= Information shown =
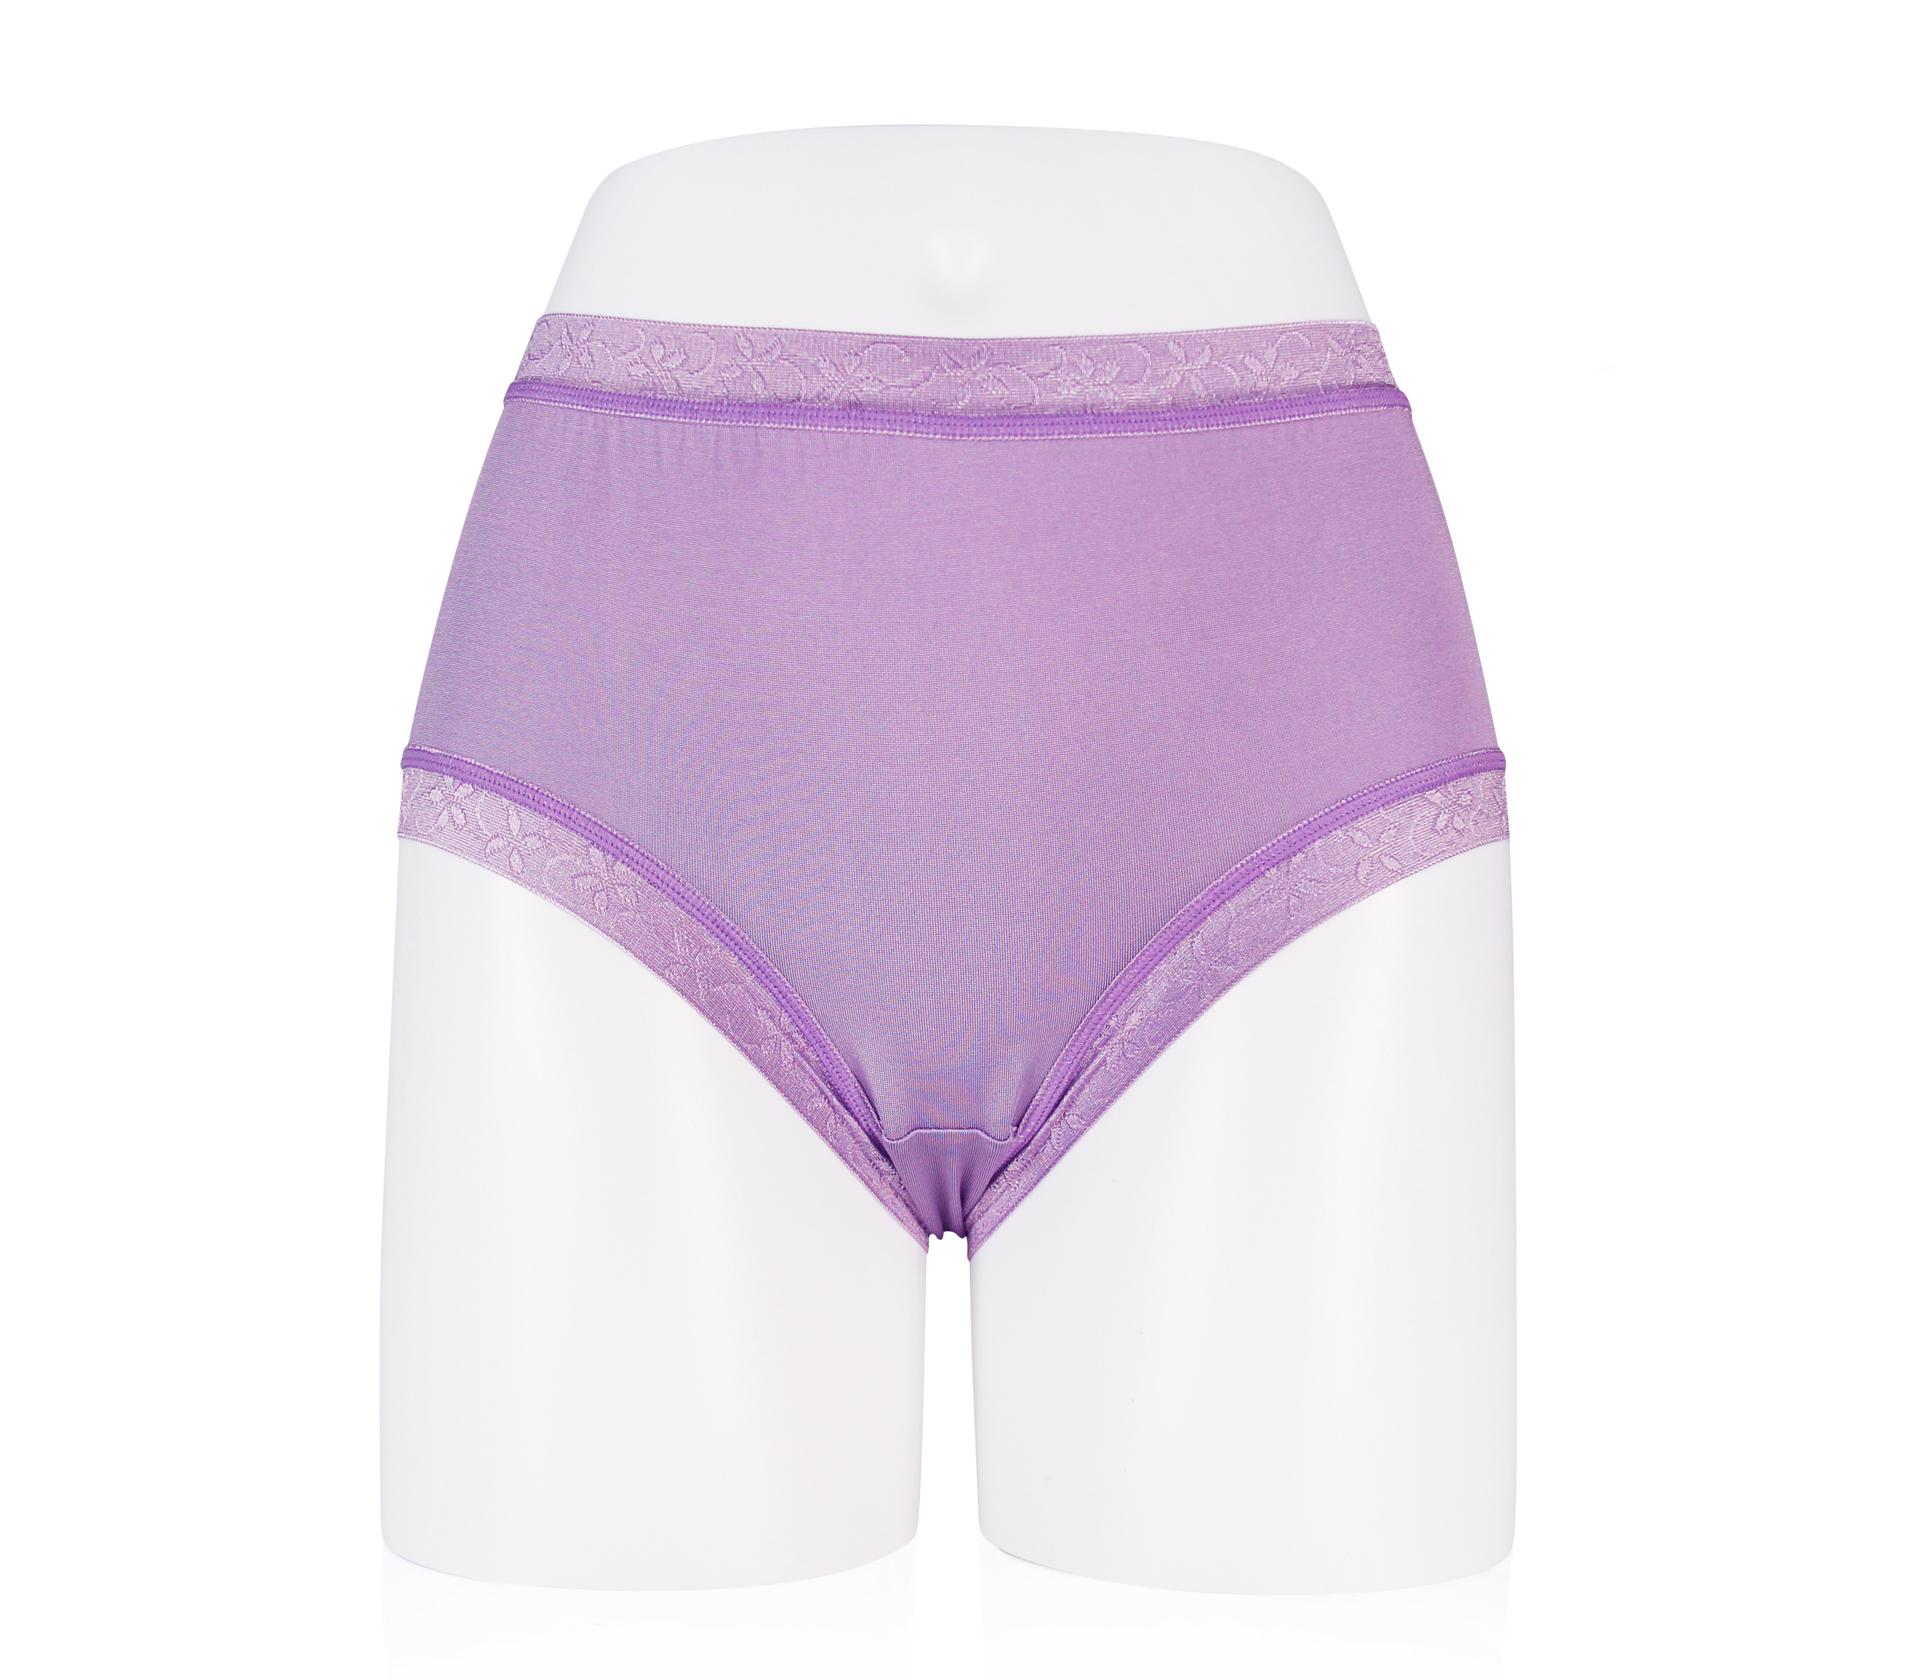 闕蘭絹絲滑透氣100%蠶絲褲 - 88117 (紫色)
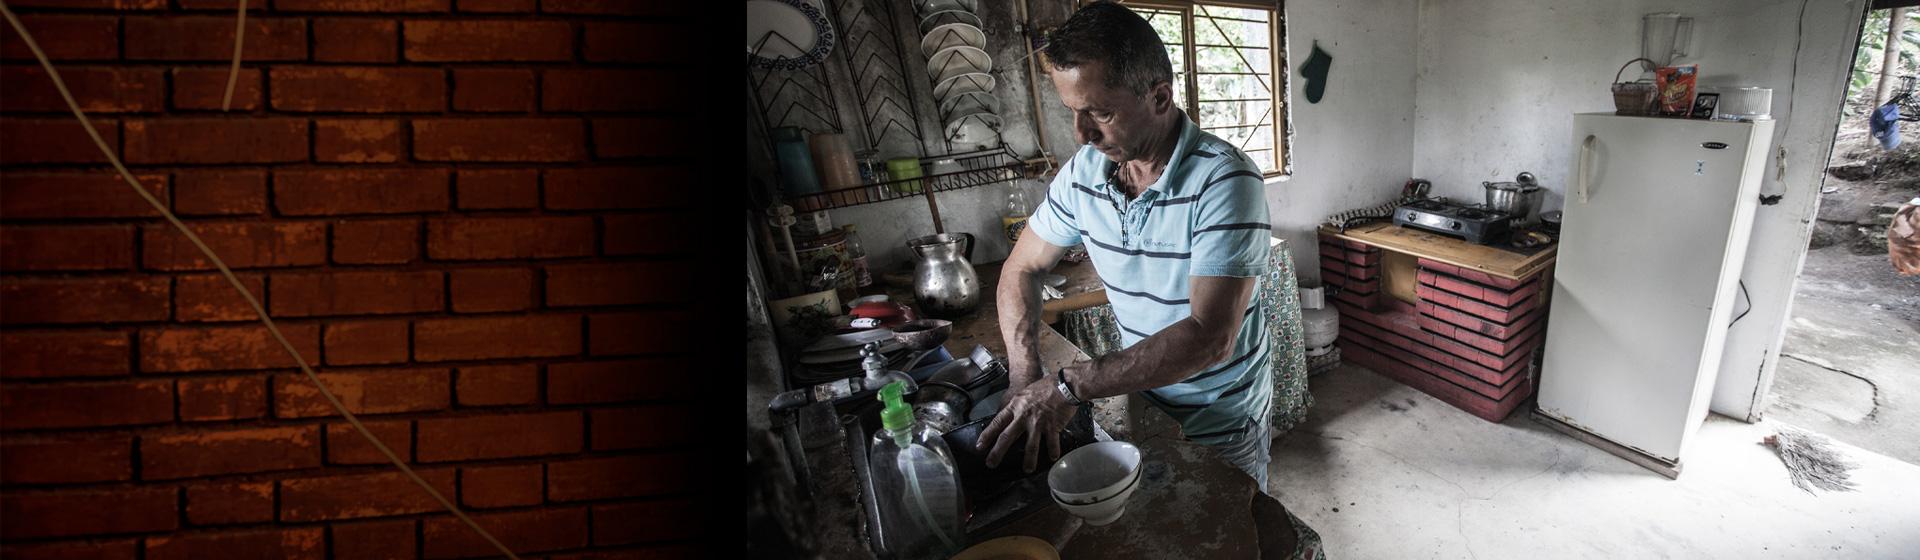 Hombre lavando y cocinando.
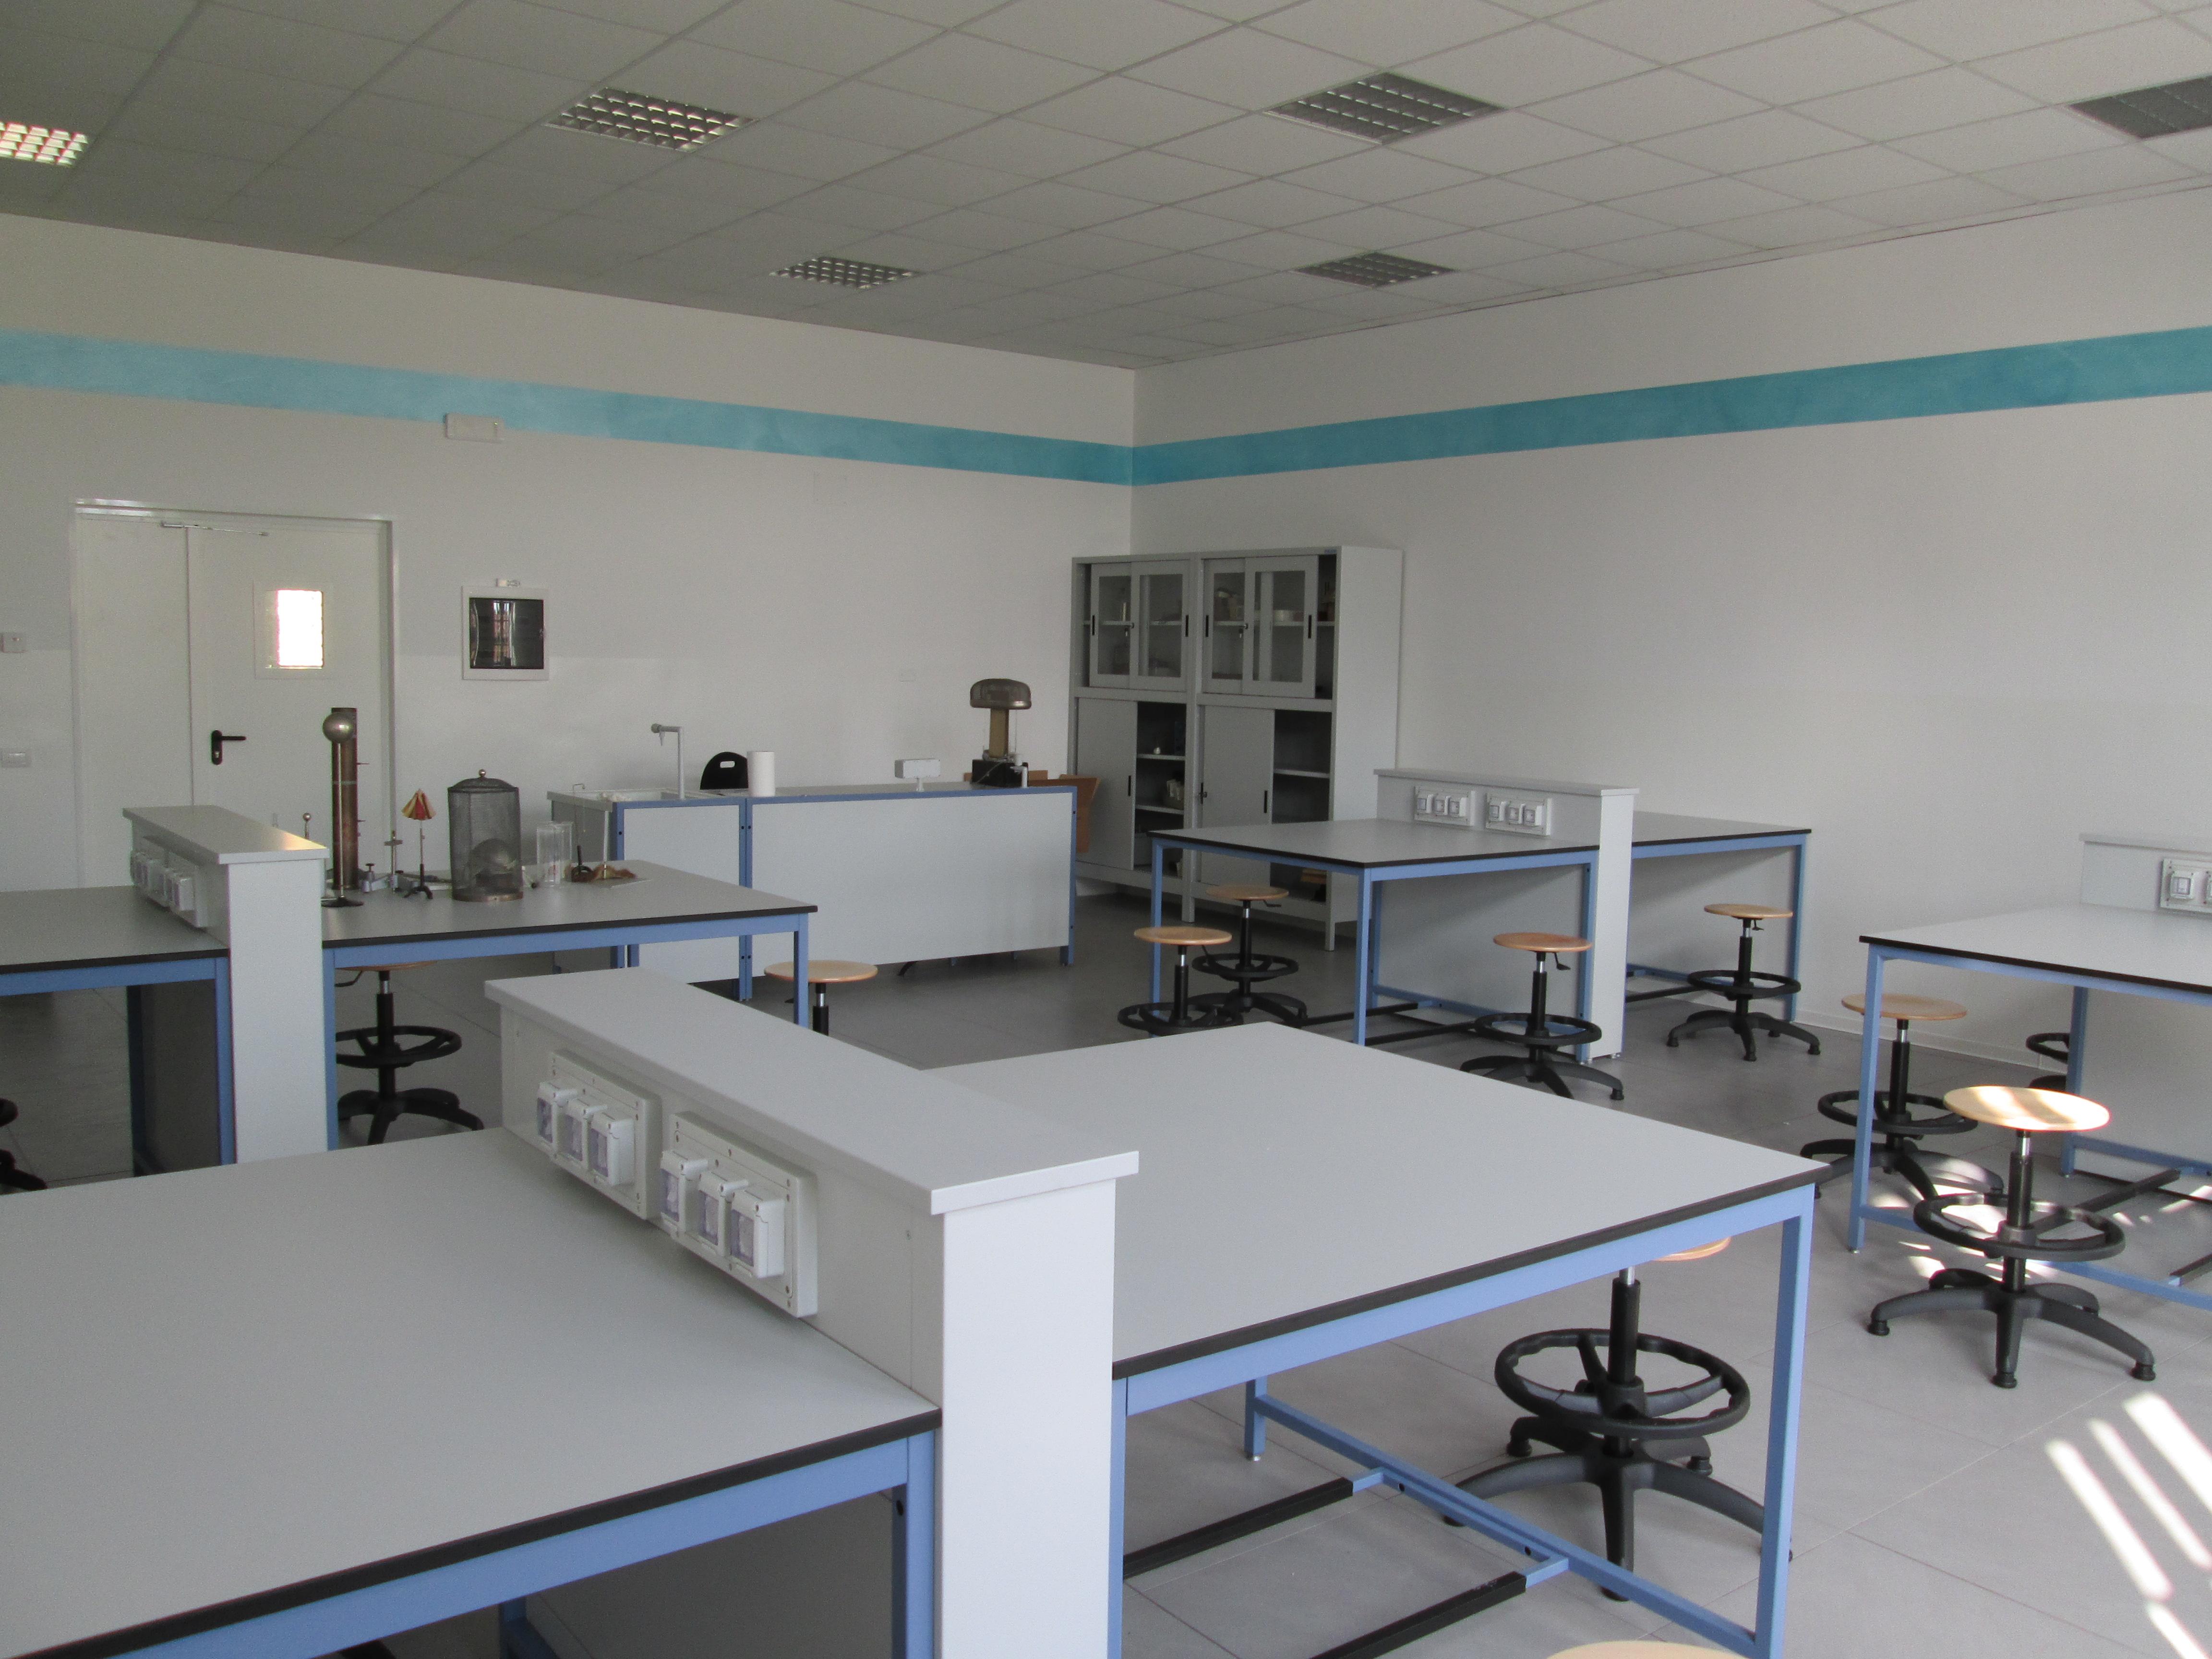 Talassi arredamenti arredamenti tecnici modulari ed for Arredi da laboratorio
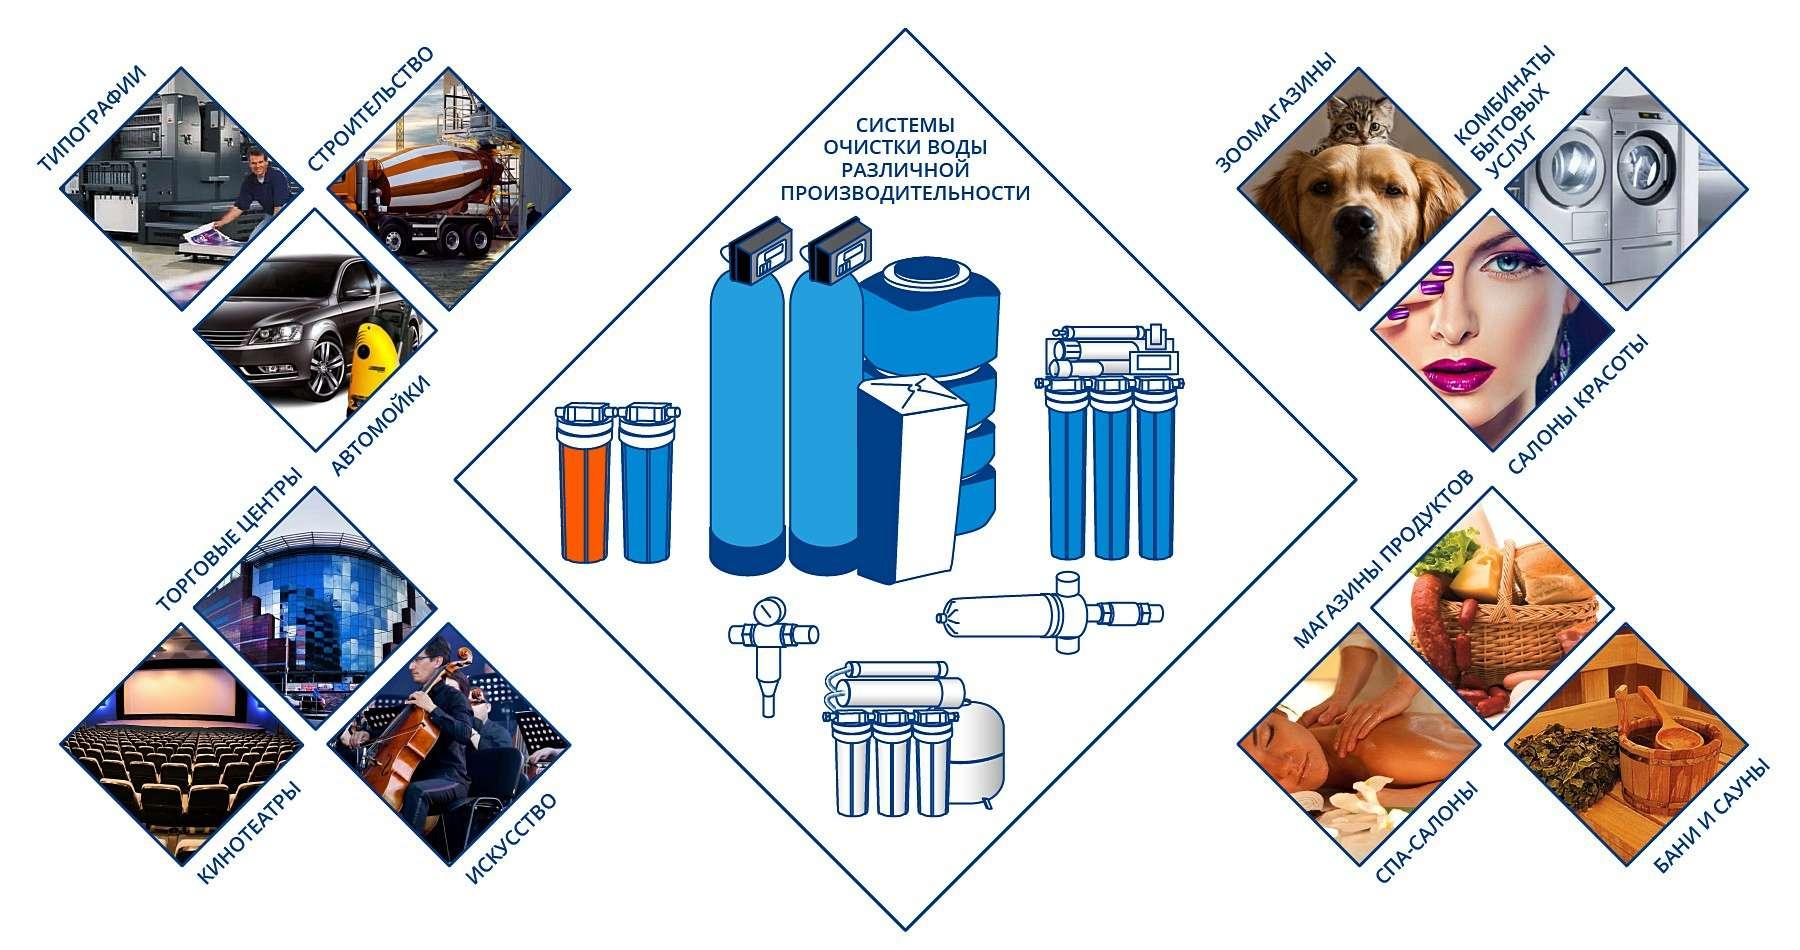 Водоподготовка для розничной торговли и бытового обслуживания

= Work instruction =
Output each line above exactly as it stands, omitting the pictures.

= Solution to this problem =
 闕蘭絹絲滑透氣100%蠶絲褲 - 88117 (紫色)
 Hombre lavando y cocinando.
 Talassi arredamenti arredamenti tecnici modulari ed for Arredi da laboratorio
 Водоподготовка для розничной торговли и бытового обслуживания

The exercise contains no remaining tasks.